I wonder if Bun would already be past 1.0 if all the time spent doing the "bundler" stuff was instead spent on the runtime itself.
Did Jarred think that having a weaker variant of every feature in the Javascript world would somehow make it more attractive? Why was "bun build ..." considered better or necessary when there is `bunx esbuild ...`
I like that it's trying to be a faster Node, and the better native database drivers etc. Having a decent package manager alongside is also nice but anything else makes me question the long term vision/feasibility of Oven and Bun's maintenance.
`Bun.build` is a game-changer. They key is it is a fast and simple bundling _primitive_. You can use it to write your own `webpack-dev-server`, you can spin up 10 of them in parallel or series, with one api call. And it's only going to get better. It 100% made sense that Bun own this. Bun's plugins work for bundling and server runtime. Another example: for SSR, you can parse the AST of a file once, and re-use that for SSR runtime and bundling during dev.

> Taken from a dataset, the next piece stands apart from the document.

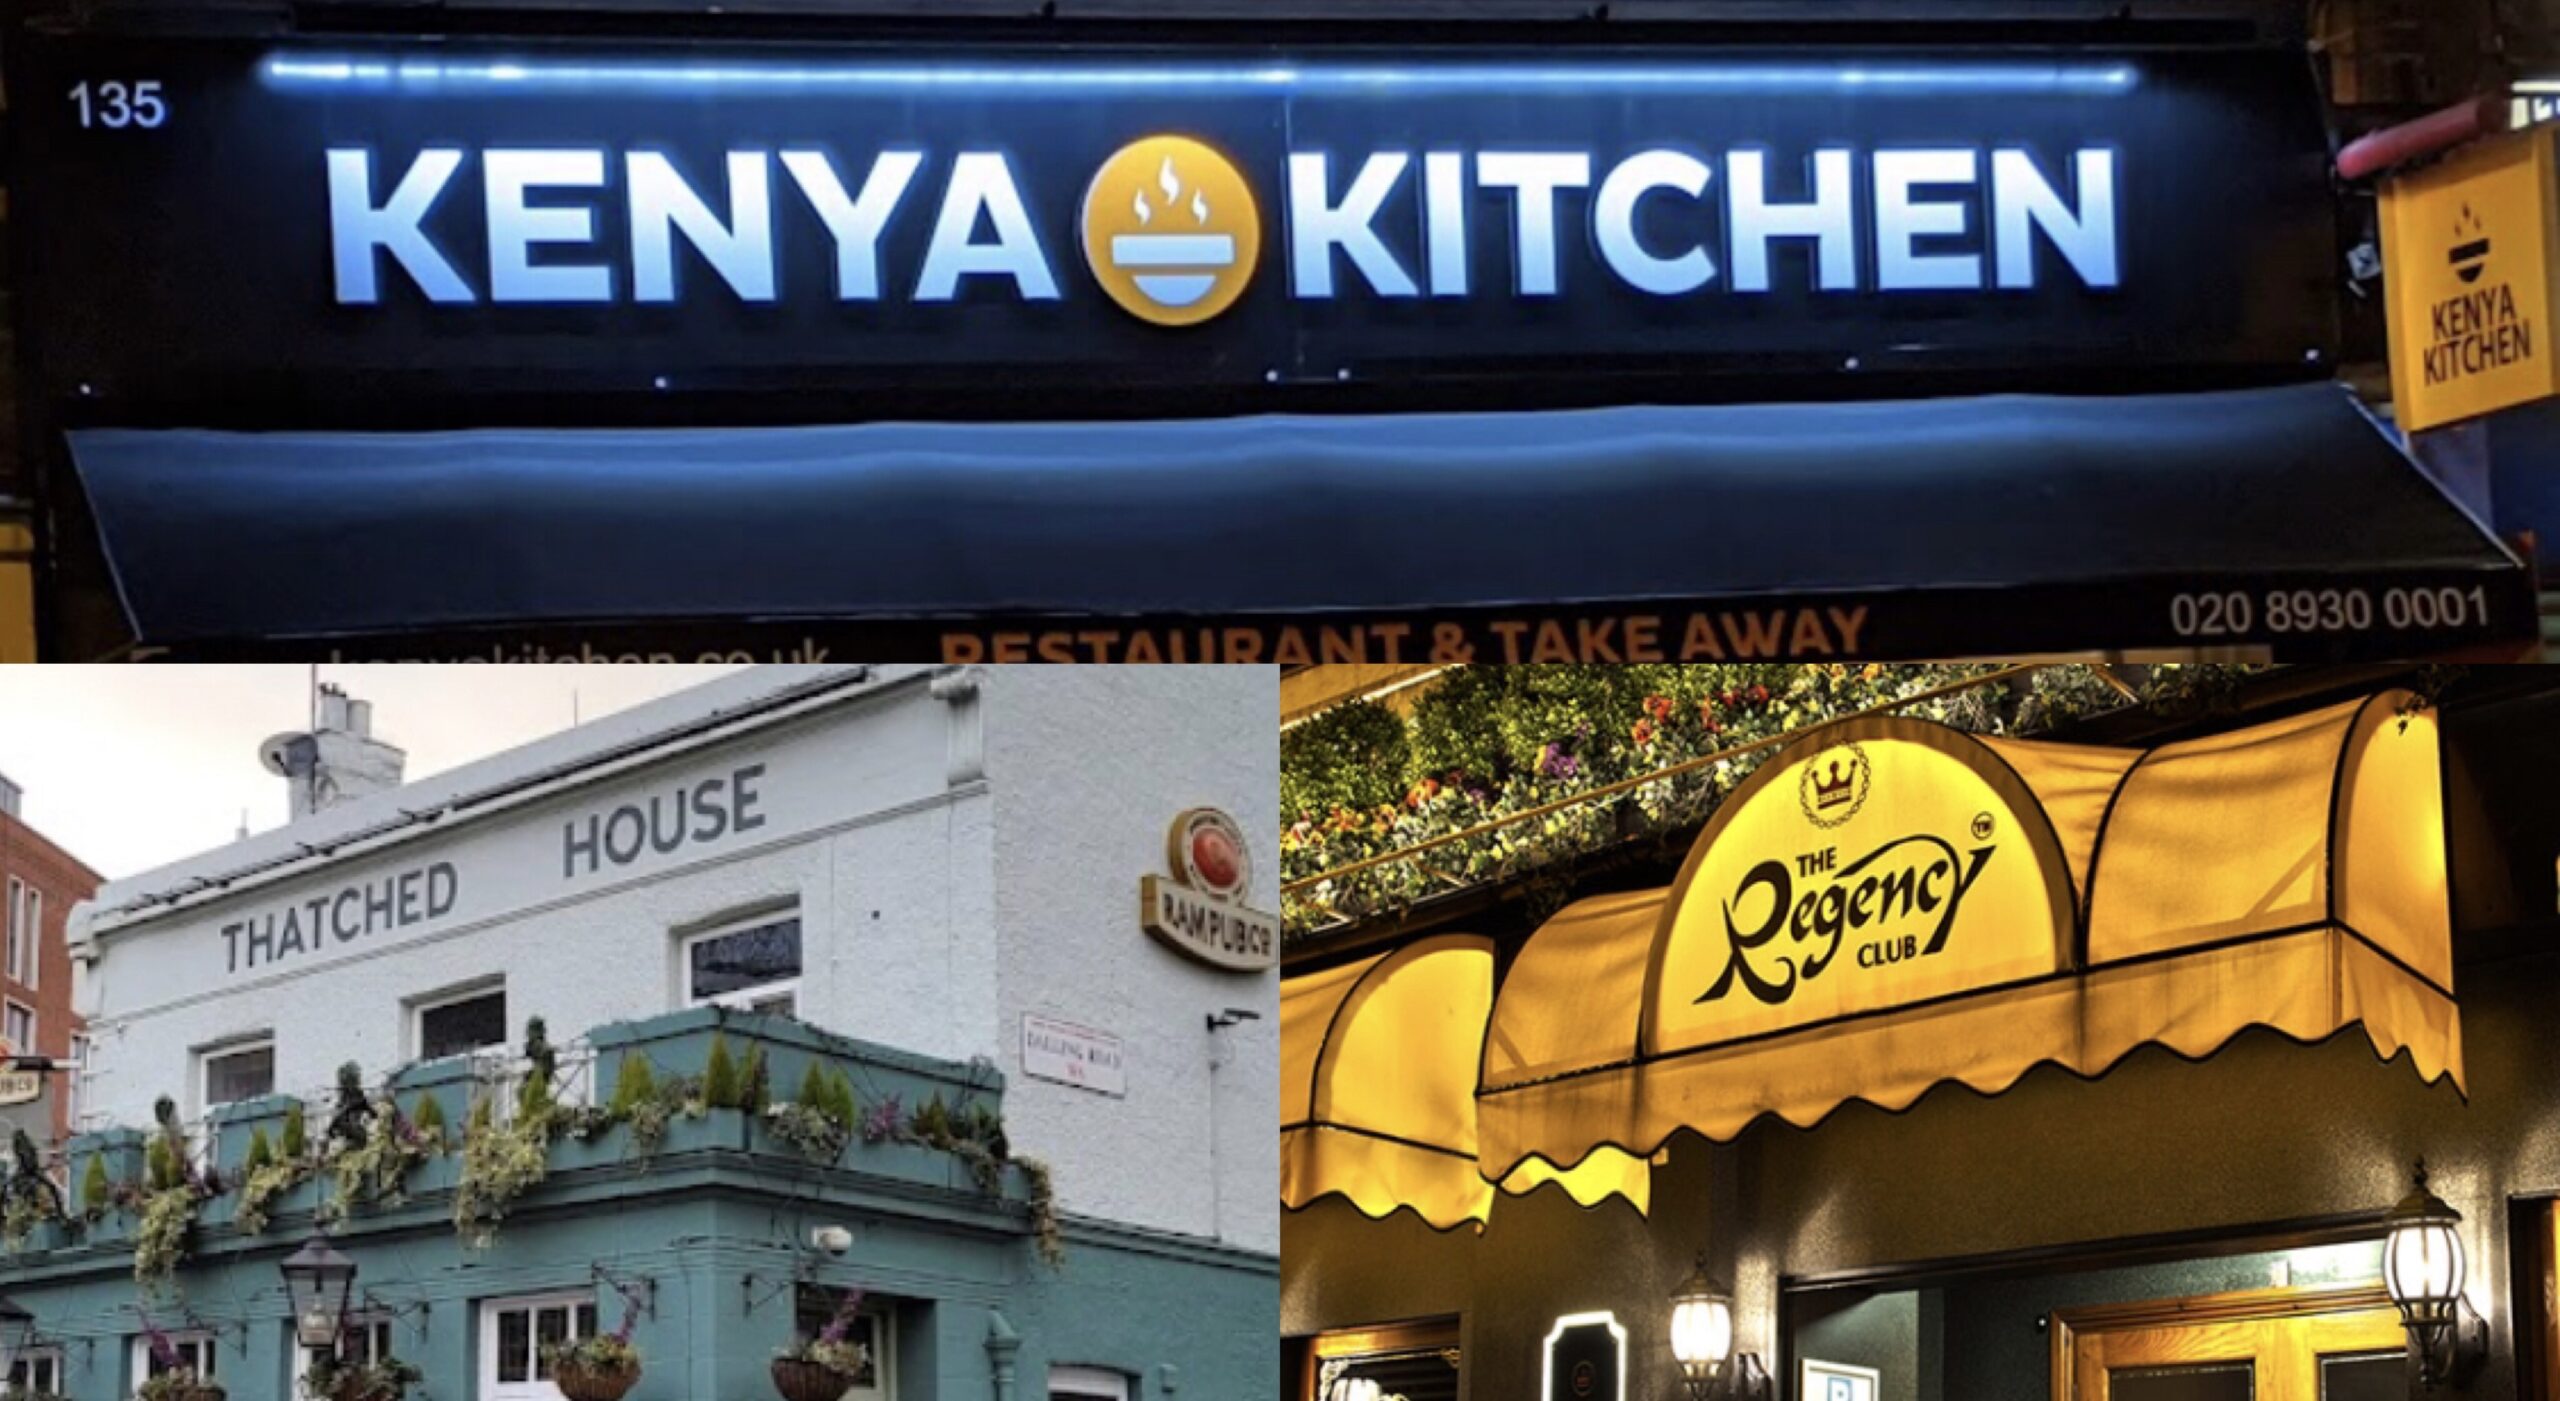 Kenya Kitchen, Thatched Out and The Recency Club PHOTOS/Google

They key is that bundling is no longer this _heavy_ task that you spawn in another process, it can be as simple as function call.
Once you get it, you will realize how much of a game-changer it is. This is the reason Bun is going to win.
I like that Bun is going in the direction of a monolithic, self-contained binary. I'm sick of fiddling with tsc, ts-node, and stringing together 5 different build tools.
I'd rather install Bun, then get on with building our app.
Did Jarred think that having a weaker variant of every feature in the Javascript world would somehow make it more attractive? Why was "bun build ..." considered better or necessary when there is `bunx esbuild ...`
https://github.com/oven-sh/bun/issues/159
I like that it's trying to be a faster Node, and the better native database drivers etc. Having a decent package manager alongside is also nice but anything else makes me question the long term vision/feasibility of Oven and Bun's maintenance.